Today I discovered alarming behavior when experimenting with bit fields. For the sake of discussion and simplicity, here's an example program:
#include <stdio.h>
struct Node
{
int a:16 __attribute__ ((packed));
int b:16 __attribute__ ((packed));
unsigned int c:27 __attribute__ ((packed));
unsigned int d:3 __attribute__ ((packed));
unsigned int e:2 __attribute__ ((packed));
};
int main (int argc, char *argv[])
{
Node n;
n.a = 12345;
n.b = -23456;
n.c = 0x7ffffff;
n.d = 0x7;
n.e = 0x3;
printf("3-bit field cast to int: %d\n",(int)n.d);
n.d++;
printf("3-bit field cast to int: %d\n",(int)n.d);
}
The program is purposely causing the 3-bit bit-field to overflow. Here's the (correct) output when compiled using "g++ -O0":
3-bit field cast to int: 7
3-bit field cast to int: 0
Here's the output when compiled using "g++ -O2" (and -O3):
3-bit field cast to int: 7
3-bit field cast to int: 8
Checking the assembly of the latter example, I found this:
movl $7, %esi
movl $.LC1, %edi
xorl %eax, %eax
call printf
movl $8, %esi
movl $.LC1, %edi
xorl %eax, %eax
call printf
xorl %eax, %eax
addq $8, %rsp
The optimizations have just inserted "8", assuming 7+1=8 when in fact the number overflows and is zero.

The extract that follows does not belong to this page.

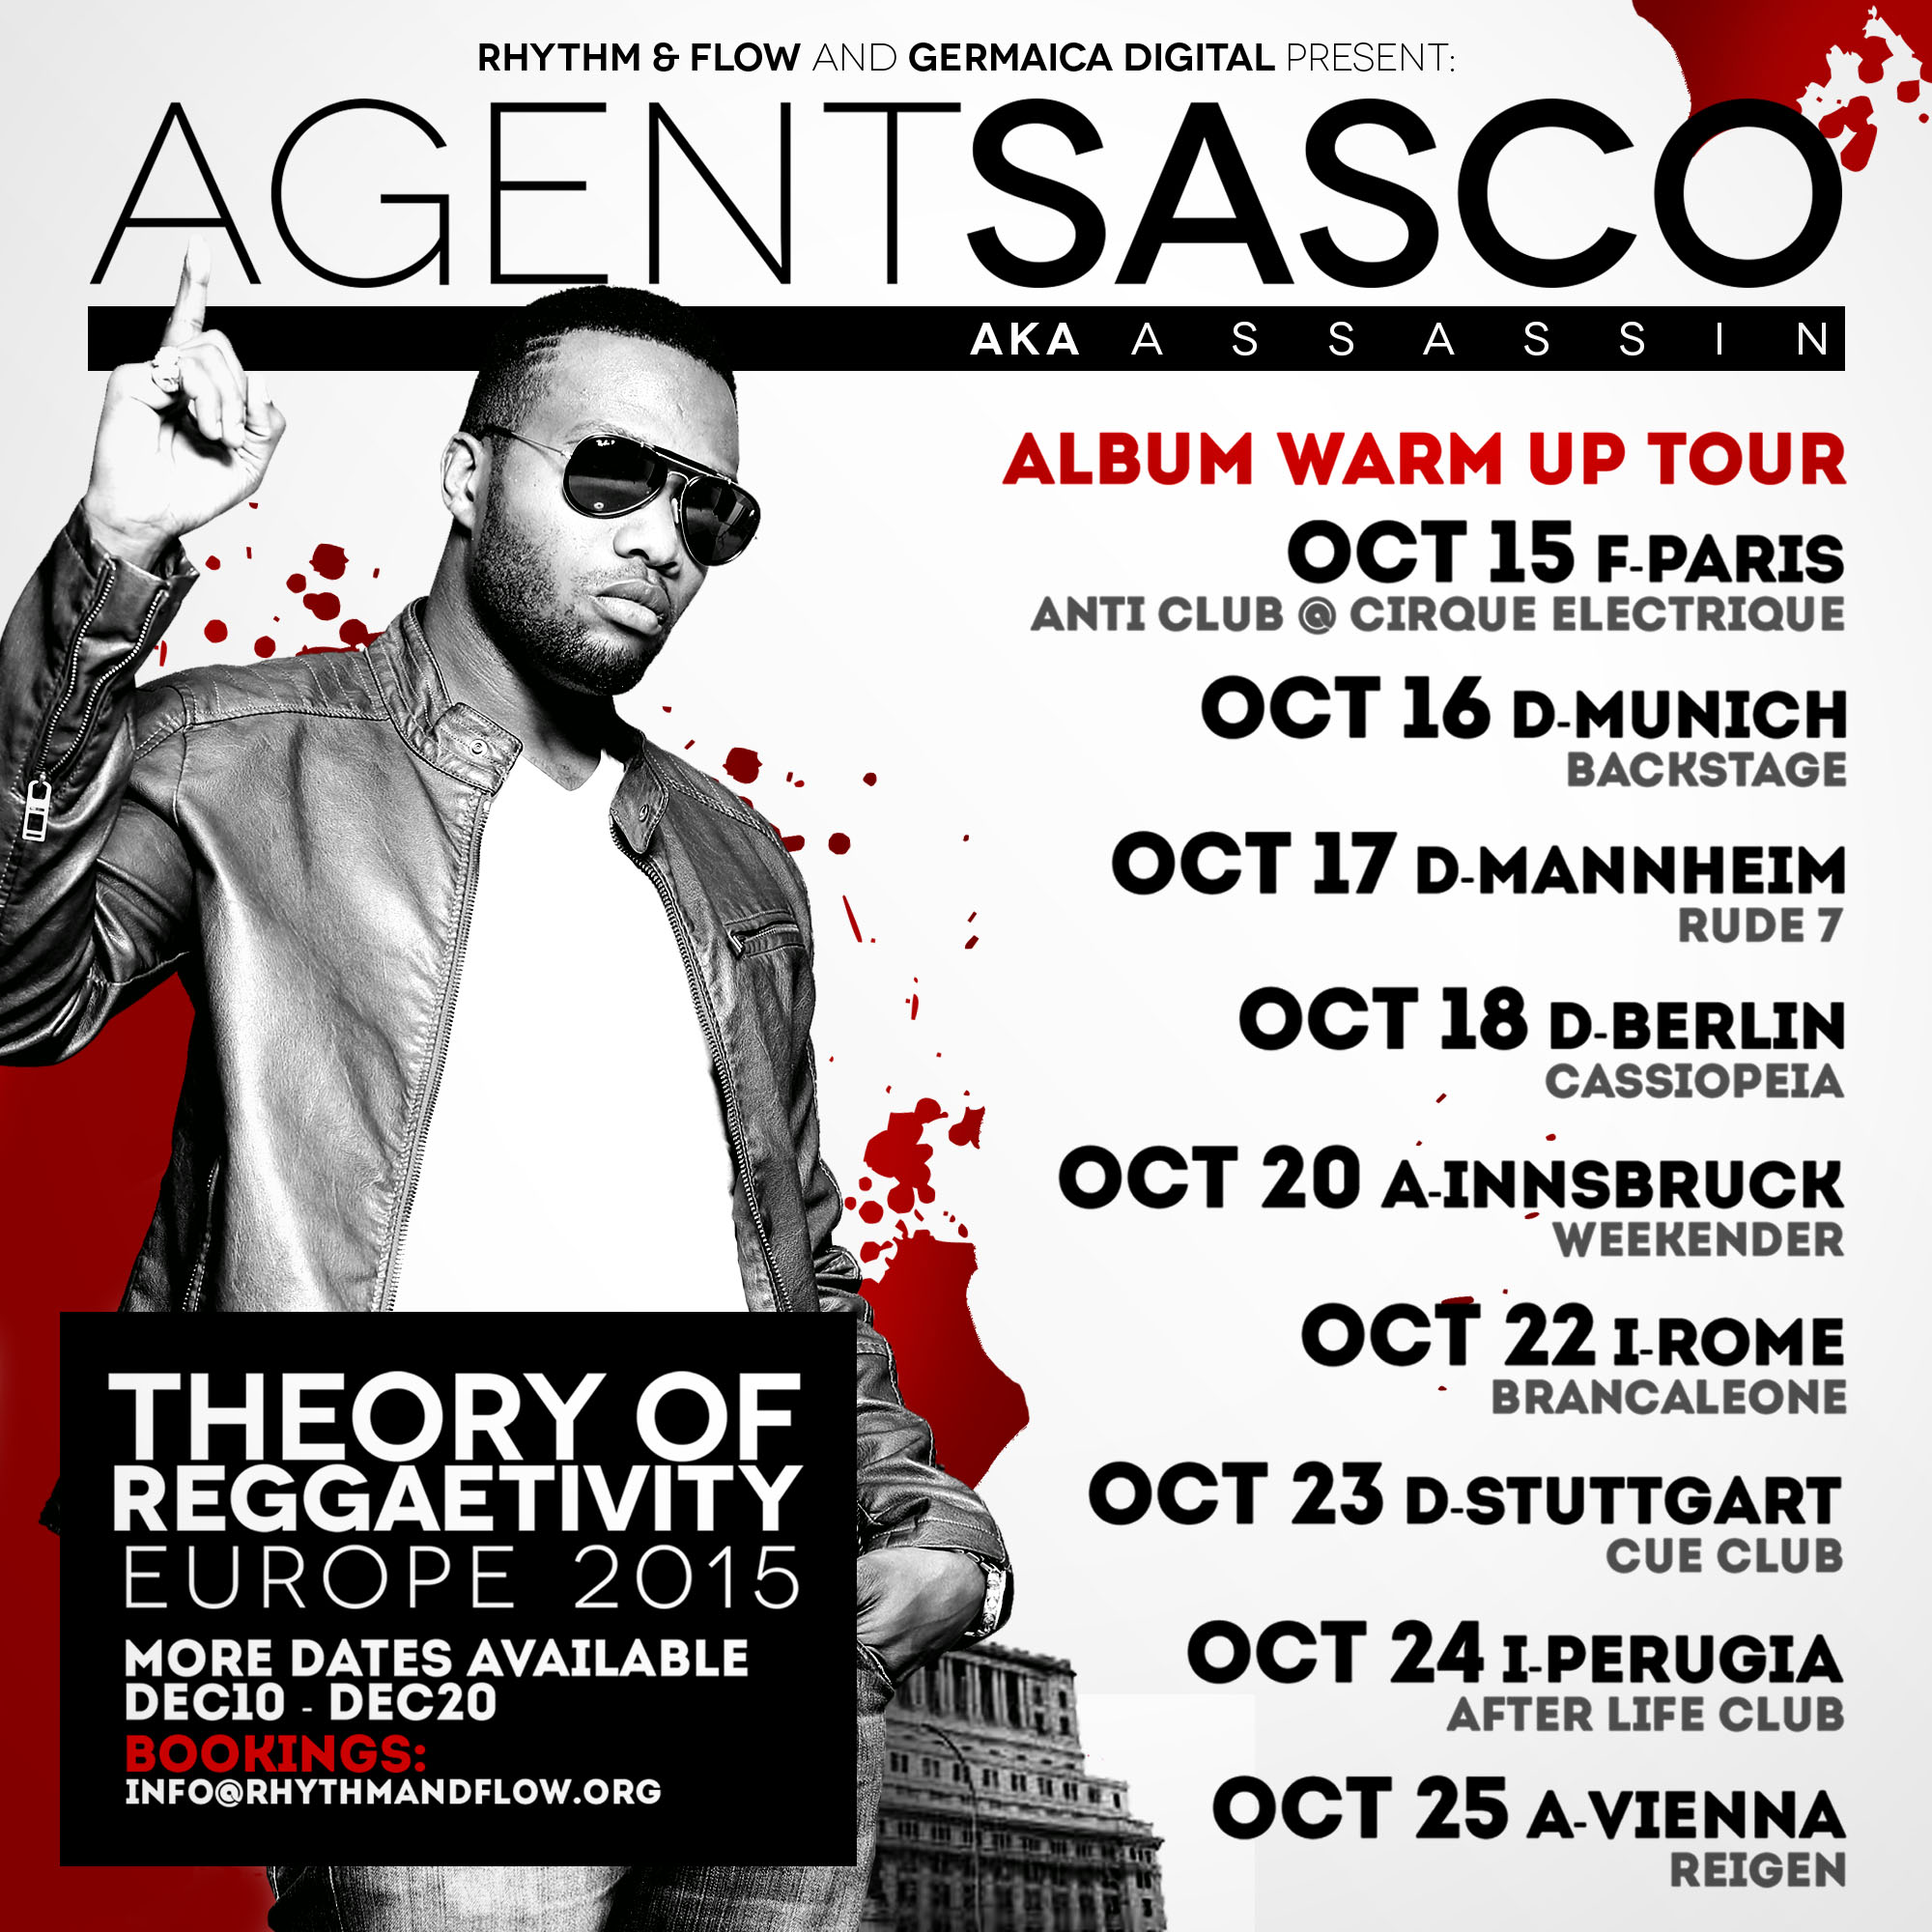 ASSASSIN AKA AGENT SASCO – THEORY OF REGGAETIVITY ALBUM WARM

Fortunately the code I care about doesn't overflow as far as I know, but this situation scares me - is this a known bug, a feature, or is this expected behavior? When can I expect gcc to be right about this?
Edit (re: signed/unsigned) :
It's being treated as unsigned because it's declared as unsigned. Declaring it as int you get the output (with O0):
3-bit field cast to int: -1
3-bit field cast to int: 0
An even funnier thing happens with -O2 in this case:
3-bit field cast to int: 7
3-bit field cast to int: 8
I admit that attribute is a fishy thing to use; in this case it's a difference in optimization settings I'm concerned about.